[[ Data open ]]
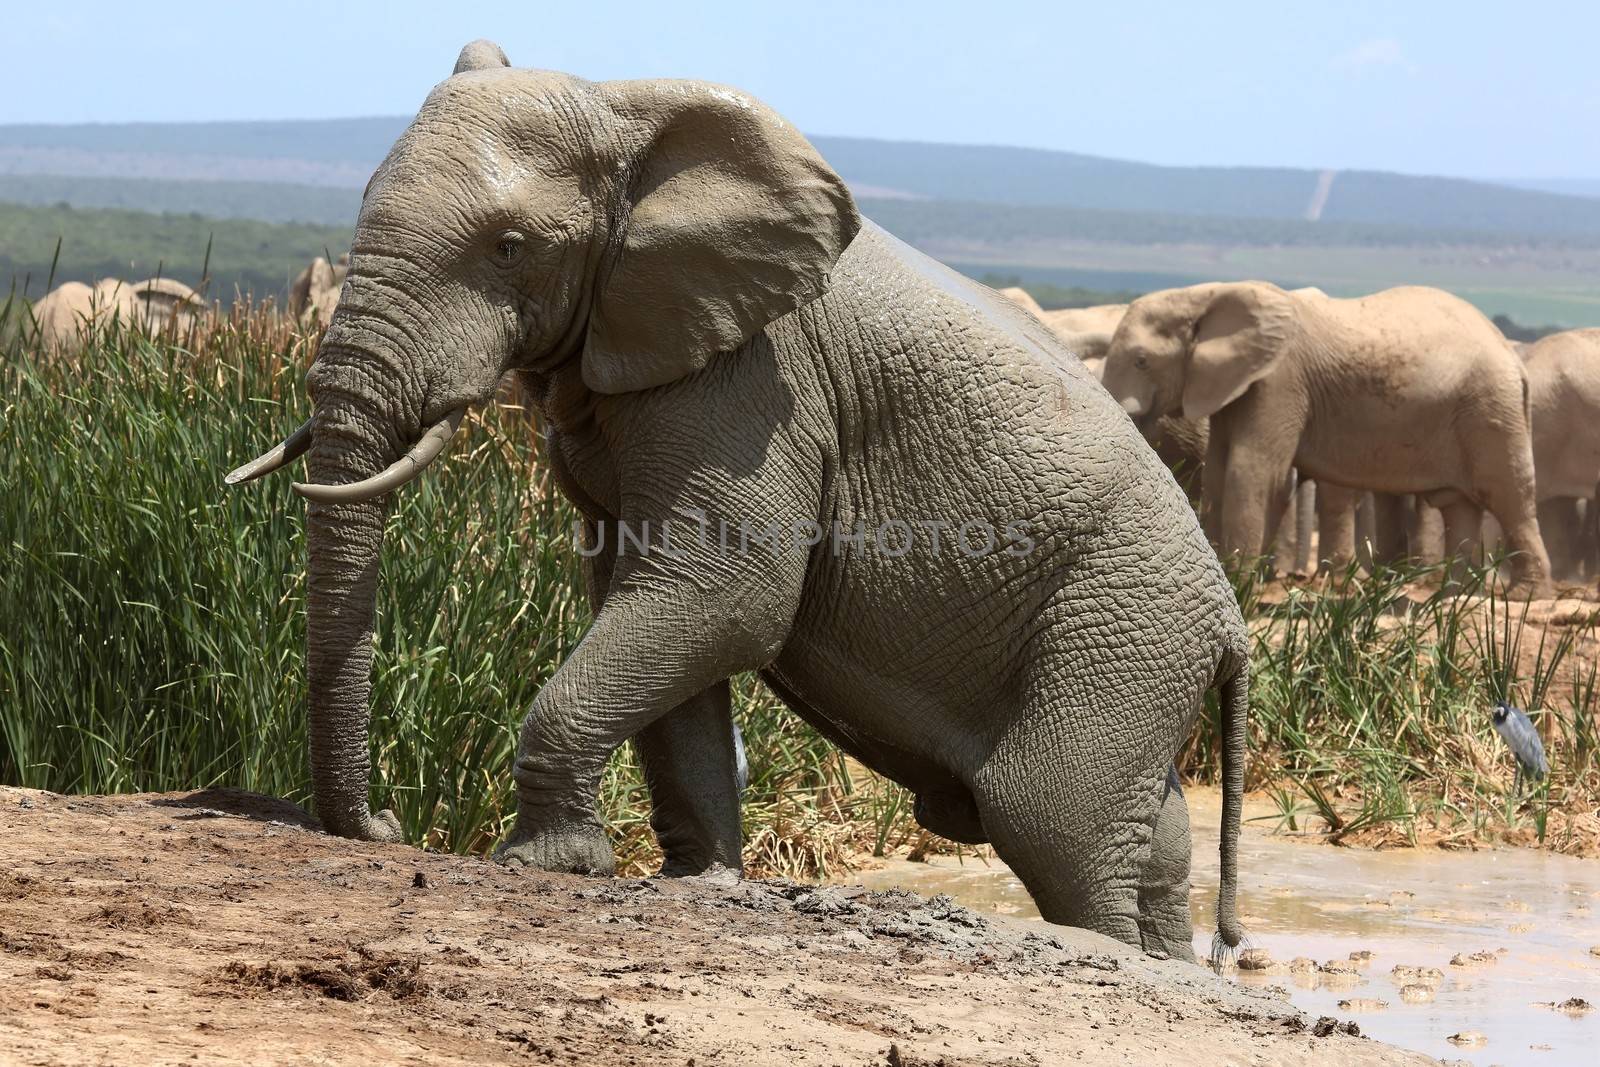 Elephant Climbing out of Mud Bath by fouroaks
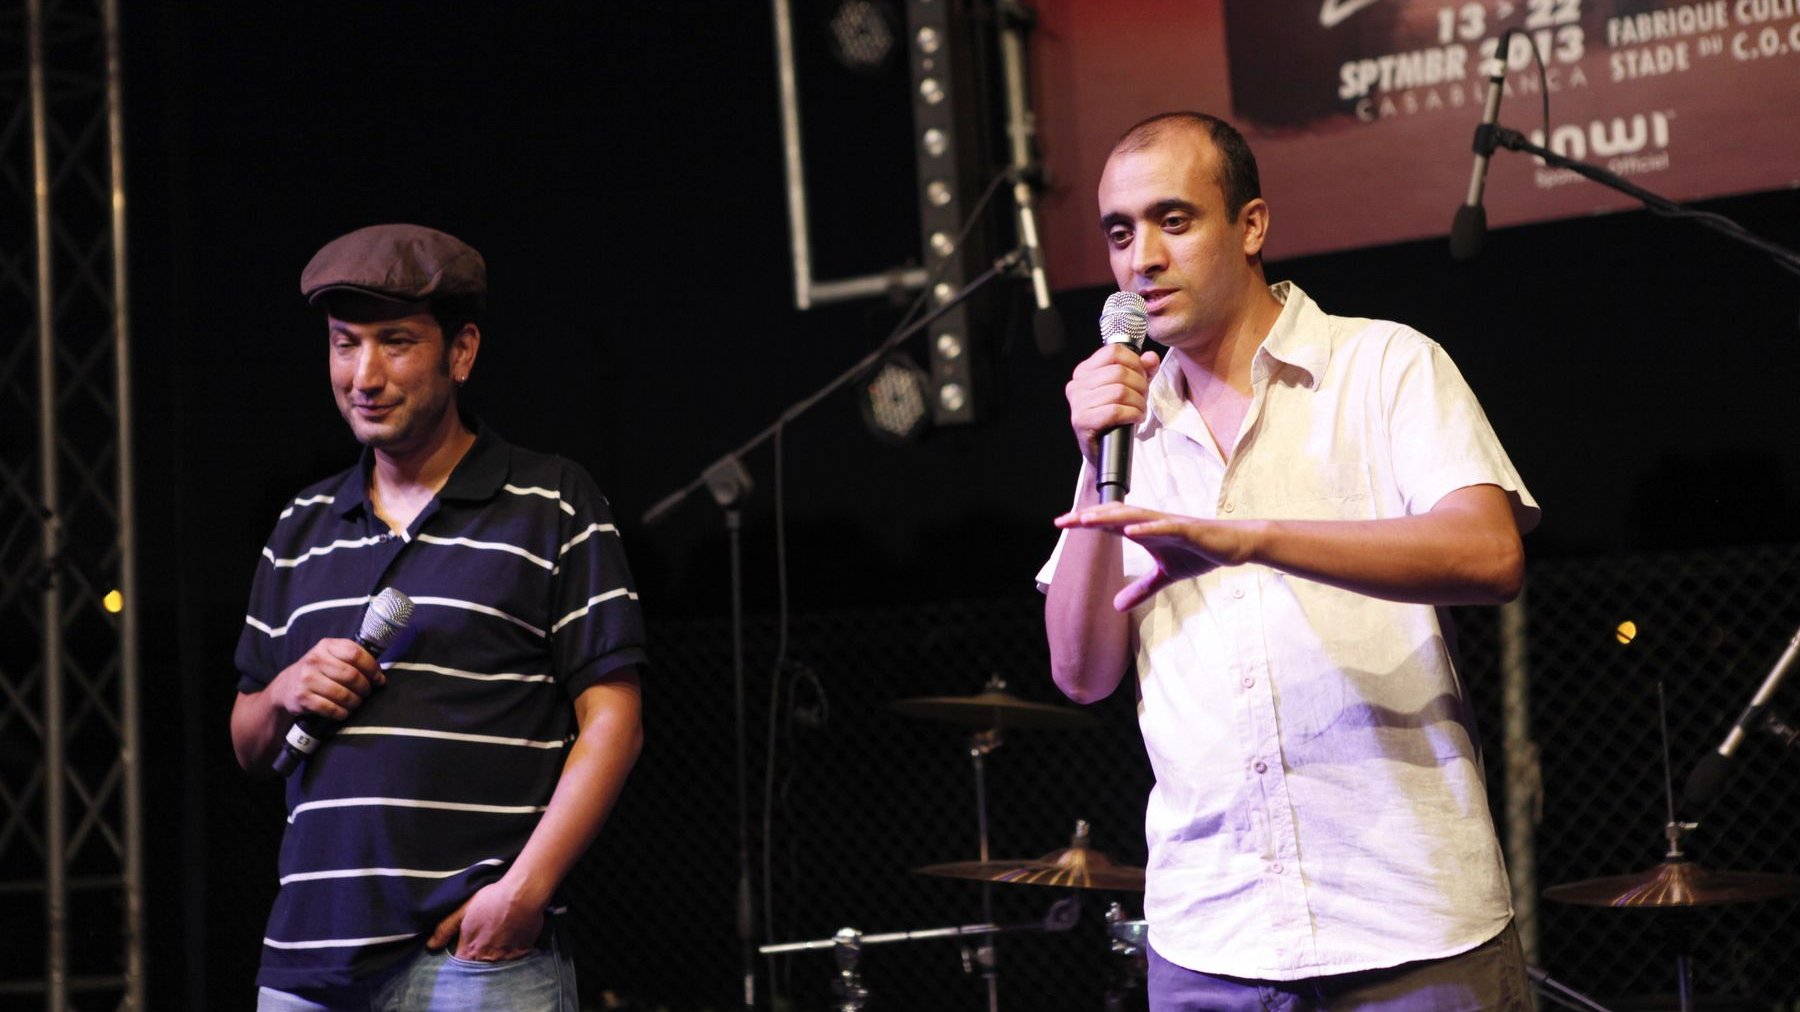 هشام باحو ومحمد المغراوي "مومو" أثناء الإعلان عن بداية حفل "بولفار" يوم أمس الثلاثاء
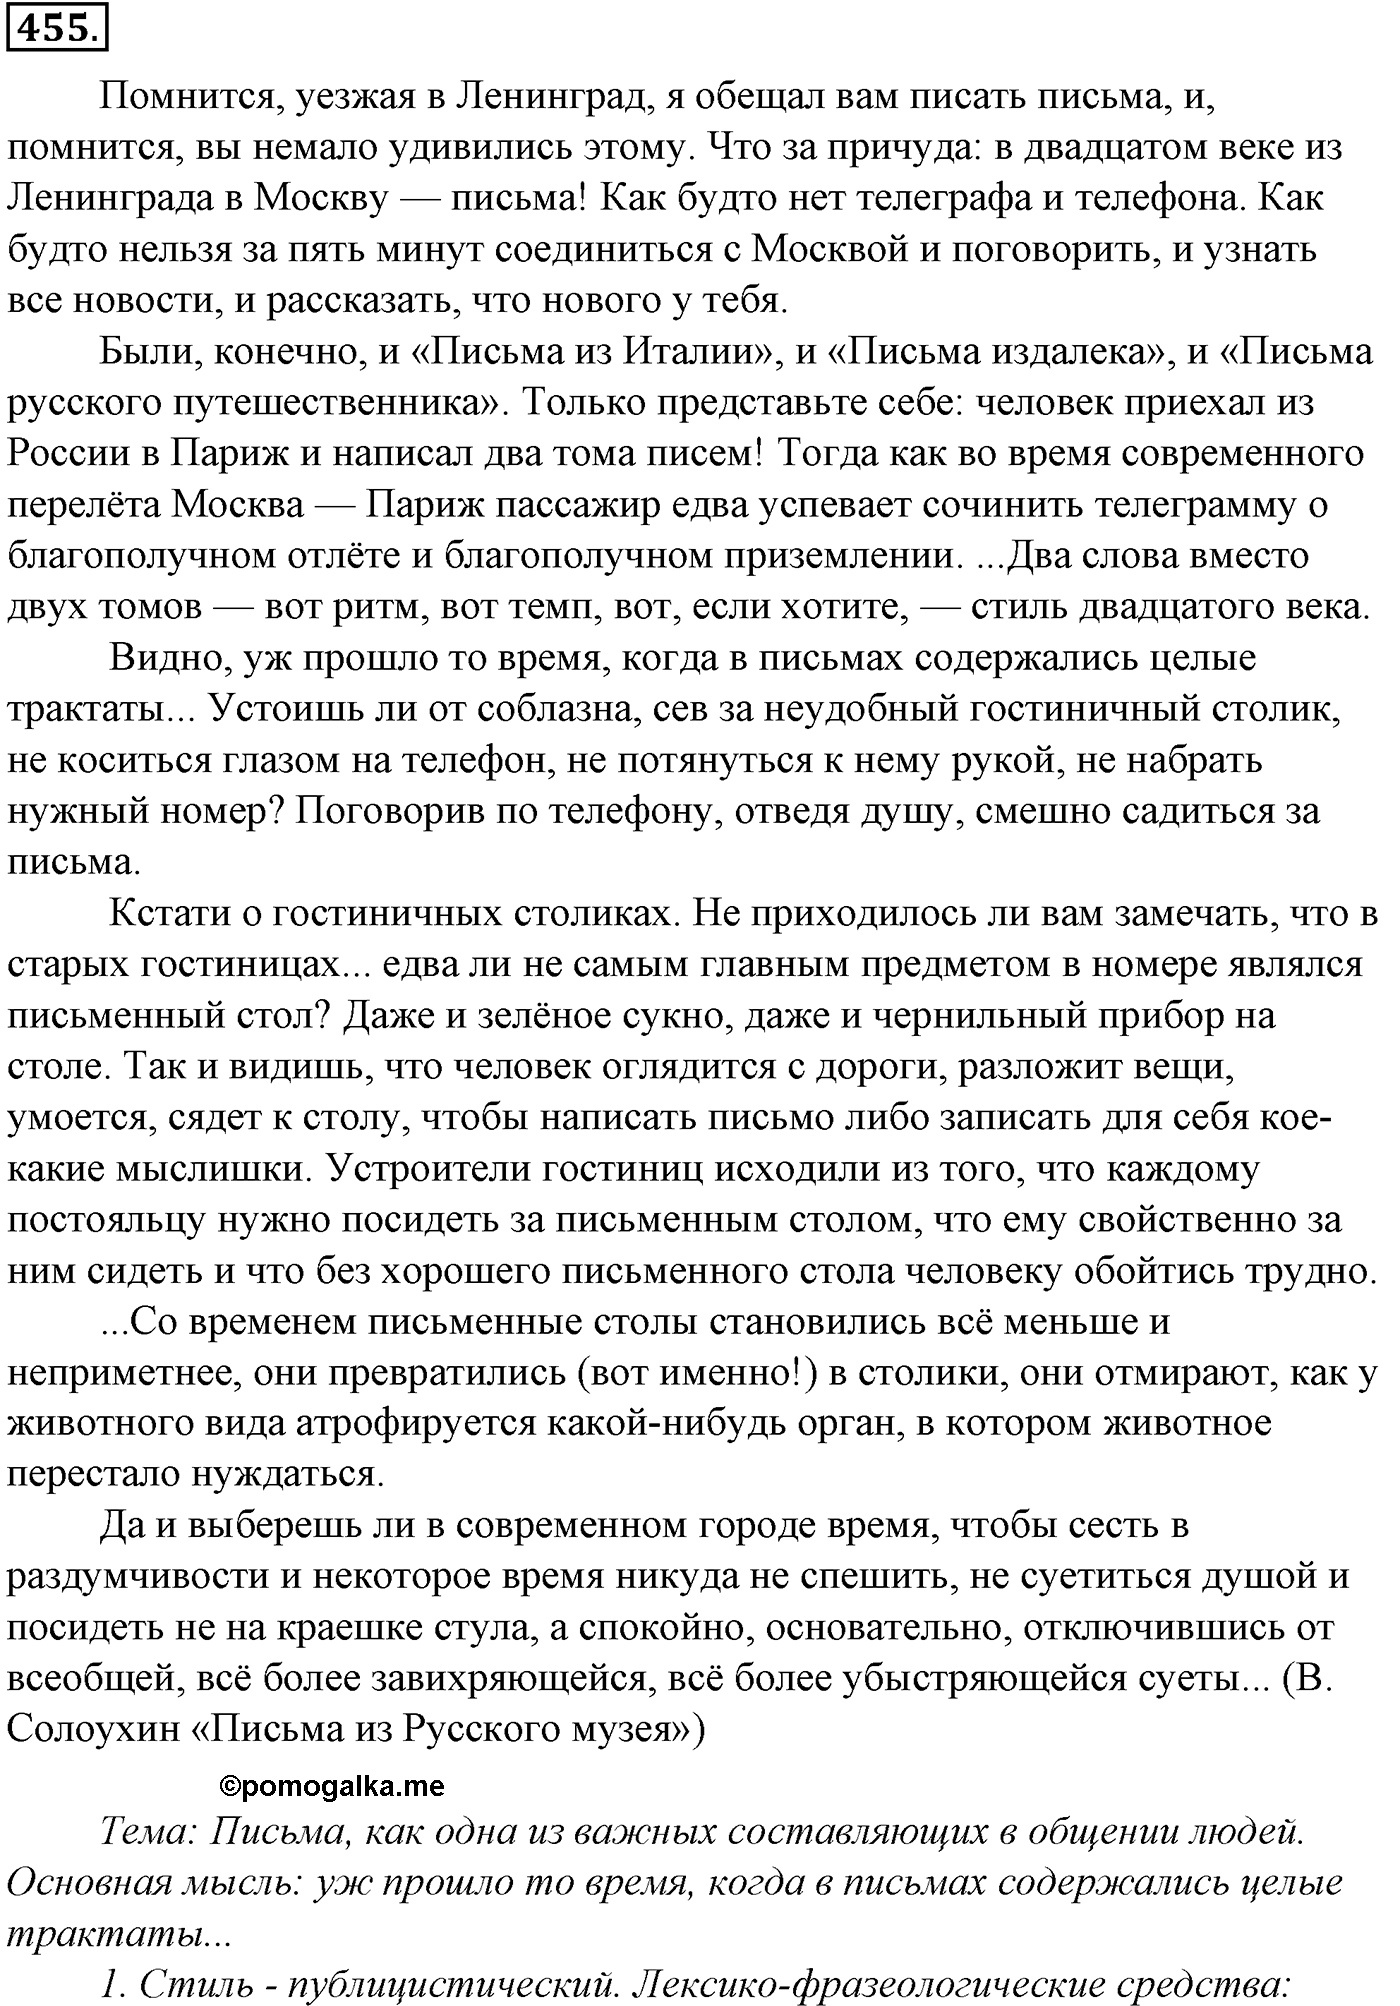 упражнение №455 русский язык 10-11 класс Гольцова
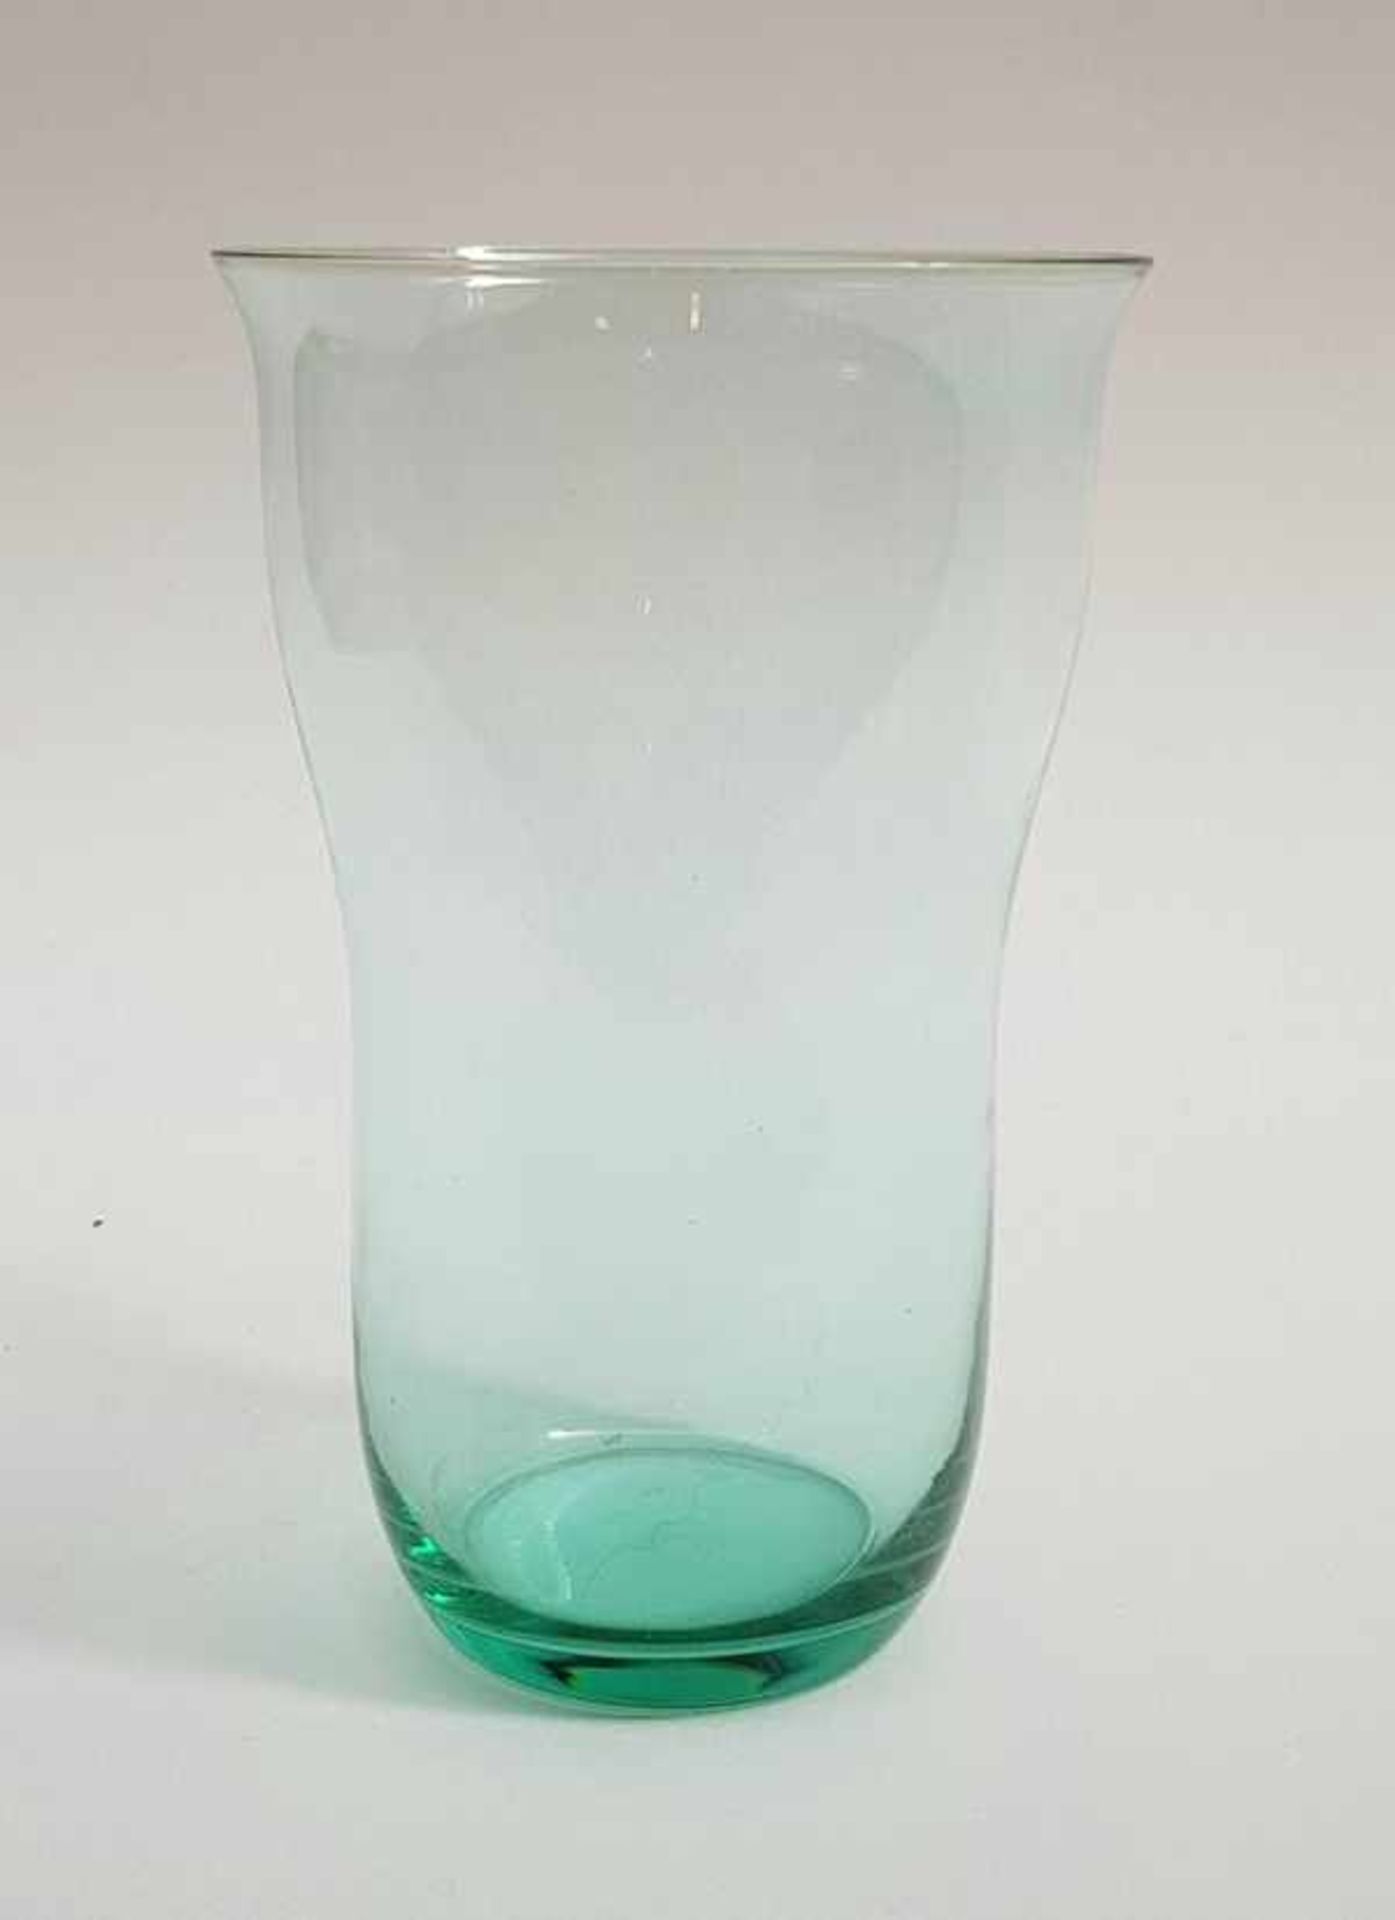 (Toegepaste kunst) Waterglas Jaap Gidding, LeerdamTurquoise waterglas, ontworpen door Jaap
[[ Data closed ]]
*Assignment*
What is needed is an exact reproduction of the data, pictures excluded.

*Solution to the problem*
 Elephant Climbing out of Mud Bath by fouroaks
 هشام باحو ومحمد المغراوي "مومو" أثناء الإعلان عن بداية حفل "بولفار" يوم أمس الثلاثاء
 упражнение №455 русский язык 10-11 класс Гольцова
 (Toegepaste kunst) Waterglas Jaap Gidding, LeerdamTurquoise waterglas, ontworpen door Jaap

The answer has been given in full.